Кэрби довольно кивнул. Его «Эллин» имел четыре вместительных челнока, и для его задумки лучше, если они сядут в разных городах. Потому как городки небольшие, в каждом из них постоянно проживает лишь по сорок-пятьдесят тысяч человек. Остальное пятимиллионное население распределено по планете в небольших деревушках. А для его замысла нужно наполнить челноки грузом под завязку. Не садиться же у каждой деревни? Так никакого времени и топлива не хватит.
– Хорошо, – кивнул Кэрби и, чуть обернувшись, позвал: – Гарпун…
– Да, Командор? – приблизился к Морфеусу его первый помощник.
Великан с лицом, обезображенным шрамом, переходящим с правой стороны лба через переносицу на левую щеку. Когда-то он командовал десятком лихих парней банды, своеобразной гвардии, в которую входил сам Кэрби. Теперь все поменялось местами, и верховодил Морфеус, получивший прозвище Командор не только как звание, полагающееся владельцу трех кораблей, но и в знак признания его верховенства.

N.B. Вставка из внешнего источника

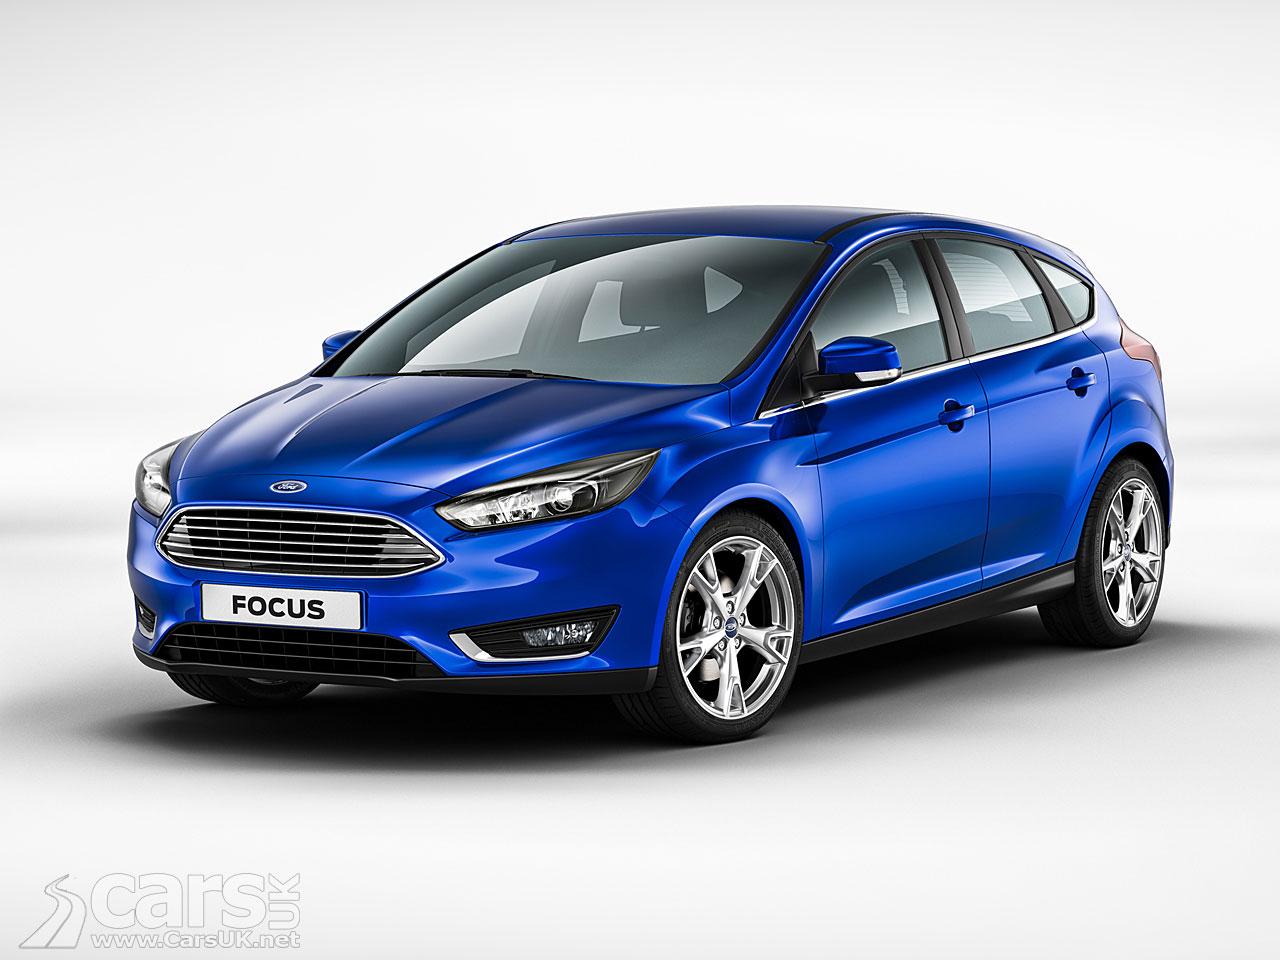 2014 ford focus 21 ford focus 21 - Ford Focus 2014

Экипажи своих кораблей Кэрби Морфеус набирал из сорвиголов – членов банд, преступников. Морфеусу требовались безбашенные парни, в то же время способные выдерживать дисциплину и признавать его своим командиром.
Поначалу приходилось трудно: молодые, горячие, они по старой привычке начали делить власть между собой и даже замахиваться на Морфеуса. Но потом все устаканилось. Кэрби пресекал любые мятежи и дележи предельно жестким образом – выбрасывая виновников за борт, а поддержавших их отправлял на «свою» планету – удаленный, никому ненужный пустынный мир – в качестве рабов. Тем самым он установил раз и навсегда одно железное правило: есть только один командир, и его слово – закон.
– Собери людей на швартовочной палубе, Гарпун. Мы начинаем…
– Так точно, Командор, – кивнул Гарпун и, взяв в руки передатчик, переключившись на общую связь со всеми палубами и отсеками, приказал: – Членам экипажа, входящим в состав Дикой сотни, немедленно прибыть в отсек три.
Между тем «Эллин» встал на указанную диспетчером орбиту, и Кэрби еще раз взглянул на довольно причудливую планету с двухсоткилометровой высоты.
Природа Ра-Мира представляла собой мозаику природно-климатических зон. Все из-за специфики вращения планеты вокруг светила и наклона ее оси. Экватор жарок, на материке, расположившемся в его зоне, невозможно выжить. На полюсах скопились огромные шапки льда. От них текли многочисленные реки, орошающие северный плодородный материк. На юге орошать нечего, там плещется океан, кое-где разбавленный небольшими архипелагами островов с рыбацкими деревнями.
Четыре из пяти городов находились в северной части Ра-Мира. И только один – в южной, на особенно большом острове.
Глубоко вздохнув, Морфеус вышел прочь с капитанского мостика и направился на швартовочную палубу к своим орлам из Дикой сотни. Он выбрал эту и еще две благополучные не самые густонаселенные планеты только из-за их удаленности от остального домена. Хотя предпочел бы начать с более населенных и не столь благополучных миров. Но там, в отличие от здешних разнеженных райскими условиями жителей, люди слишком подозрительны и могут ответить ударом на удар, благо что есть чем. А эти…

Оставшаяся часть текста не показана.